▸ **WORK TASK**
Of the records that follow, copy only the lines from the line containing "1920x1080 Stevie Ray" to the line containing "Different Color Textured", both included, exactly as written.

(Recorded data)
_ _ _

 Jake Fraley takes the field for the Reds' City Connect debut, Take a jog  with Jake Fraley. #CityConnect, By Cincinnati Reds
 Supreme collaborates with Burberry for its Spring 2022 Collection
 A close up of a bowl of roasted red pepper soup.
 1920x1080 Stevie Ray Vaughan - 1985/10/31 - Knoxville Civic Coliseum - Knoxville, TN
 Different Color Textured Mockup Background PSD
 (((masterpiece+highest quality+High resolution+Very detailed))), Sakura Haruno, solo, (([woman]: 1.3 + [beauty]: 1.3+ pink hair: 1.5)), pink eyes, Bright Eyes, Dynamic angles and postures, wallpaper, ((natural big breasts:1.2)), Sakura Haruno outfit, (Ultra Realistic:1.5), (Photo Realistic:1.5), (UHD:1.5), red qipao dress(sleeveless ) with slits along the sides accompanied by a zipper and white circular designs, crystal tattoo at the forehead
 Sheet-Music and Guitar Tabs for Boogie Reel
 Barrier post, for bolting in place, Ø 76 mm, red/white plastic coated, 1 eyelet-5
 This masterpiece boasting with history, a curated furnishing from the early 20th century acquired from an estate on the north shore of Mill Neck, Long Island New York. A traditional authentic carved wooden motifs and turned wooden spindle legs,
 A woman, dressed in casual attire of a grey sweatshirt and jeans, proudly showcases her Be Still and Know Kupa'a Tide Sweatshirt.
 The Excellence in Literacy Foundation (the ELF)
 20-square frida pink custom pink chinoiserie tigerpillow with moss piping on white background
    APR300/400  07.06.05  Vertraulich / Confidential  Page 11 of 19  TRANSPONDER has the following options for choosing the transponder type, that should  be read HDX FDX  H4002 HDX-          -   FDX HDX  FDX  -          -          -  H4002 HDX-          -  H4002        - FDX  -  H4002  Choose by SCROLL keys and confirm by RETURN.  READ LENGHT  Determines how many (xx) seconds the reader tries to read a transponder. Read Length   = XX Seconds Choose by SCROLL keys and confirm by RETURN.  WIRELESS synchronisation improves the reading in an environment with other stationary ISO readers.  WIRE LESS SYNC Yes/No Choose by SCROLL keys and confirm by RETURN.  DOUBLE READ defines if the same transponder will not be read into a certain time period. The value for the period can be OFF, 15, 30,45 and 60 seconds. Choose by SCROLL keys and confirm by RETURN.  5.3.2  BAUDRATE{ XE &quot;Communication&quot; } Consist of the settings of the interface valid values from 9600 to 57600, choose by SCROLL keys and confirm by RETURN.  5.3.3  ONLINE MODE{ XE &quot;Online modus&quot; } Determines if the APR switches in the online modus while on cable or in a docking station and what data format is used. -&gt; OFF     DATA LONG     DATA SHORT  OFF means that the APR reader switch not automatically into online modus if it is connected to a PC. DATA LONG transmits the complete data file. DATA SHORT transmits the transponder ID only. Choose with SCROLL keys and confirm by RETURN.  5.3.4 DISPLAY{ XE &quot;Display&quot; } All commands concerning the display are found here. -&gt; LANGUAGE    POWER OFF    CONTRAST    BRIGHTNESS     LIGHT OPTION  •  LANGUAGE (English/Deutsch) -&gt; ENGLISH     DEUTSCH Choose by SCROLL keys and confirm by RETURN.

_ _ _

▸ **RESULT FOR THIS EXERCISE**
 1920x1080 Stevie Ray Vaughan - 1985/10/31 - Knoxville Civic Coliseum - Knoxville, TN
 Different Color Textured Mockup Background PSD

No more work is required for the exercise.